Работая над любой новой ролью, я, помимо того непосредственного материала, который дан мне самим автором, стараюсь использовать и подсобный материал. В тех случаях, когда я имею дело с произведением автора-современника, мне представляется счастливая возможность обращаться не только к музейным экспонатам — гравюрам, фолиантам и т. п., — но и к живым моделям, к людям моей эпохи, с которыми мне приходилось сталкиваться в жизни. Где бы я их ни встречал, я всегда пытливо наблюдал за этими встретившимися на моем пути людьми, вслушивался в их разговоры, запоминал их интонации. При этом я старался не только уловить их внешние повадки, но и проникнуть во внутреннюю сущность заинтересовавшего меня человеческого объекта.
Эти уловленные и запечатлевшиеся в памяти черточки, дополняя образ, написанный драматургом, играют весьма существенную роль в процессе создания того сценического образа, который видит зритель.
Вспоминаю, как я жадно искал соответствующие человеческие модели, которые можно было бы использовать для работы над ролью Барона в пьесе Горького ‘На дне’. И мне удалось увидеть бывших аристократов, волей судеб от привольного барского существования перешедших к жизни бездомных бродяг. ‘Как ты дошел до жизни такой?’ — вот что волновало меня, когда я вглядывался в этих вчерашних людей ‘большого света’.

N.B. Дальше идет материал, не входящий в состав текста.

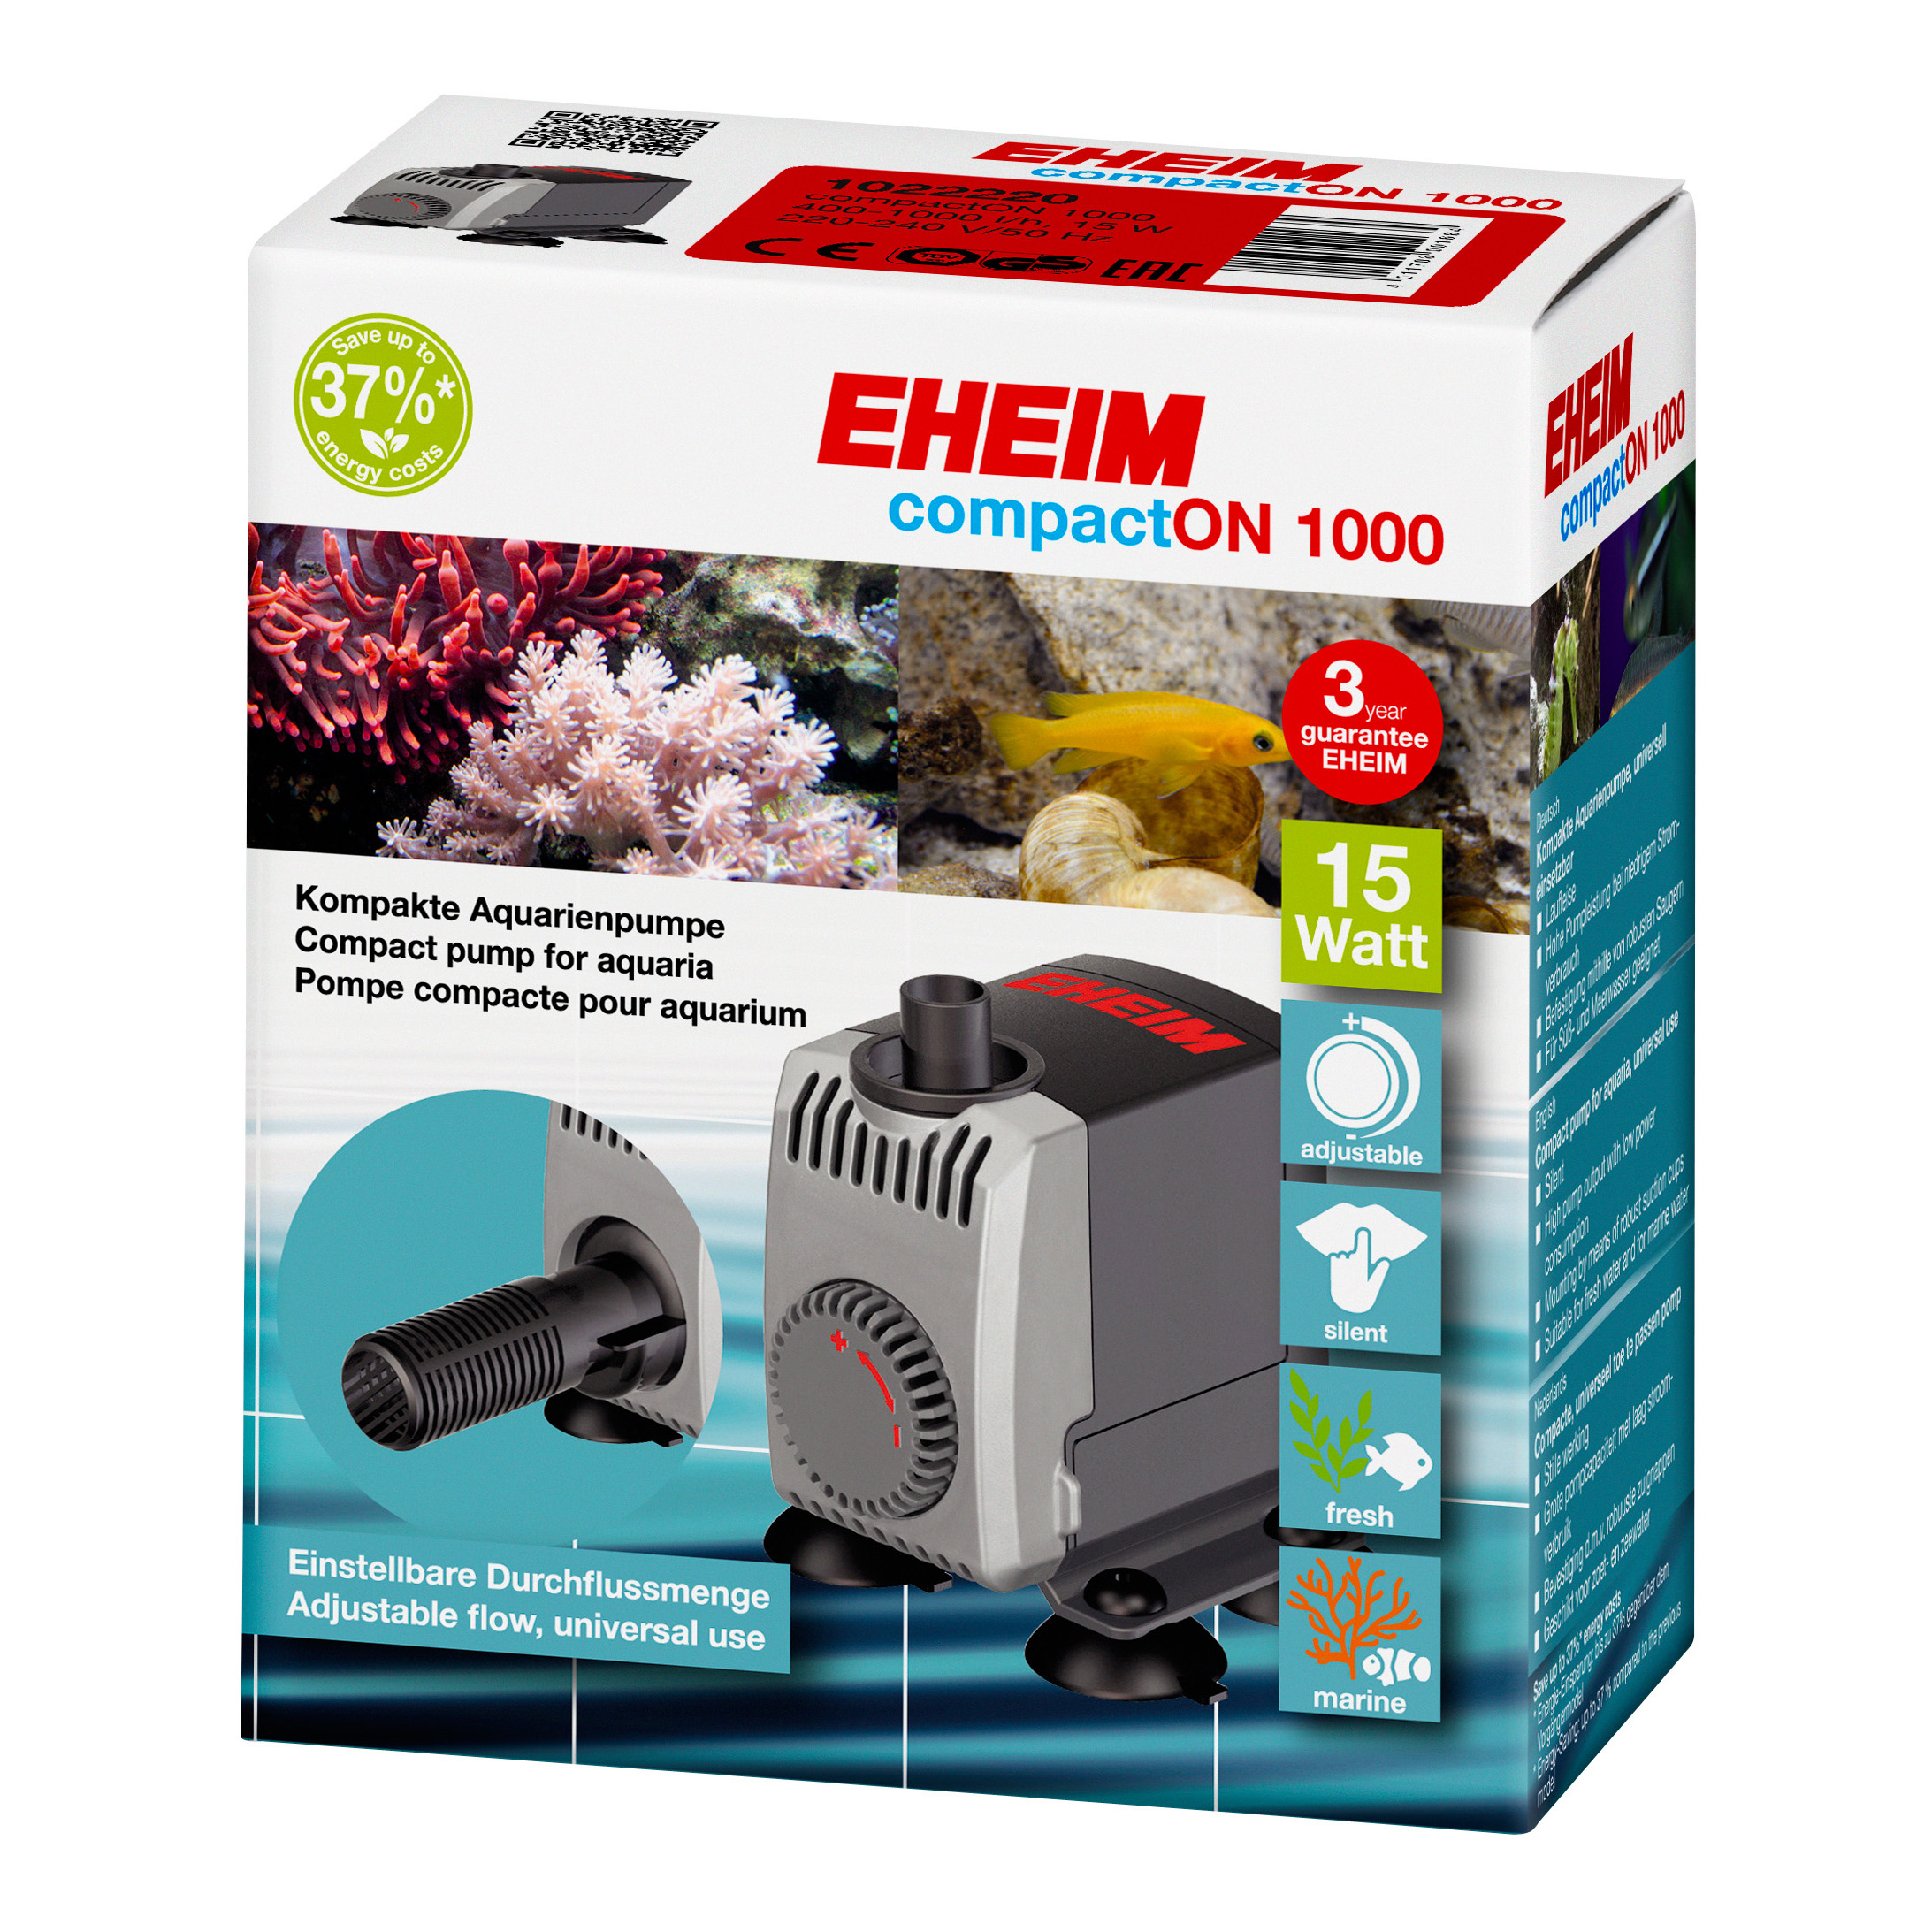 Pompe pour aquarium EHEIM Compact ON 2100 - 1400 à 2100 L/H

Примерно так я и подошел к работе над моей последней ролью — Захара Бардина во ‘Врагах’ М. Горького. Воспоминания о том времени, к которому относится действие пьесы, — об эпохе революционного движения 1905 года — сохранились в моей памяти очень живо. В те годы мне часто приходилось соприкасаться с кругами той либеральной буржуазии, к которой принадлежит Захар Бардин. Мои личные наблюдения дали мне возможность отрешиться от того кажущегося добродушия, которое можно, при поверхностном чтении пьесы, увидеть в облике этого ‘культурного европейца’, и заострить этот образ в сатирическом плане. Вспоминая все то, что я подглядел во всех виденных мной живых Бардиных, я отчетливо ощутил необходимость показать, как сочетаются в нем показной гуманизм с заботой о собственной шкуре, разговоры о культуре со стремлением к наживе, боязнью всего, что могло бы помешать собственному благополучию.
Внешним покровом культурности и гуманизма прикрывается настоящее лицо корыстолюбивого фабриканта и помещика Бардина. Но в то же время Бардин хочет найти себе какое-то внутреннее оправдание, убедить самого себя, что возможно ‘мирное и разумное’ разрешение этих больных социальных вопросов.
В начале пьесы он пытается как-то оспаривать взгляды своего компаньона о необходимости режима железного кулака по отношению к рабочим. ‘Зачем вражда, я хочу добра’. Но эти ‘благие намерения’, которые внешне рисуют Бардина как будто бы с положительной стороны, быстро испаряются по мере развертывания событий. И образ принимает уже другое внешнее выражение. Это — ограниченный, беспринципный, целиком пропитанный идеологией своей среды человек. Это вовсе не обособленное существо, это рупор своего класса.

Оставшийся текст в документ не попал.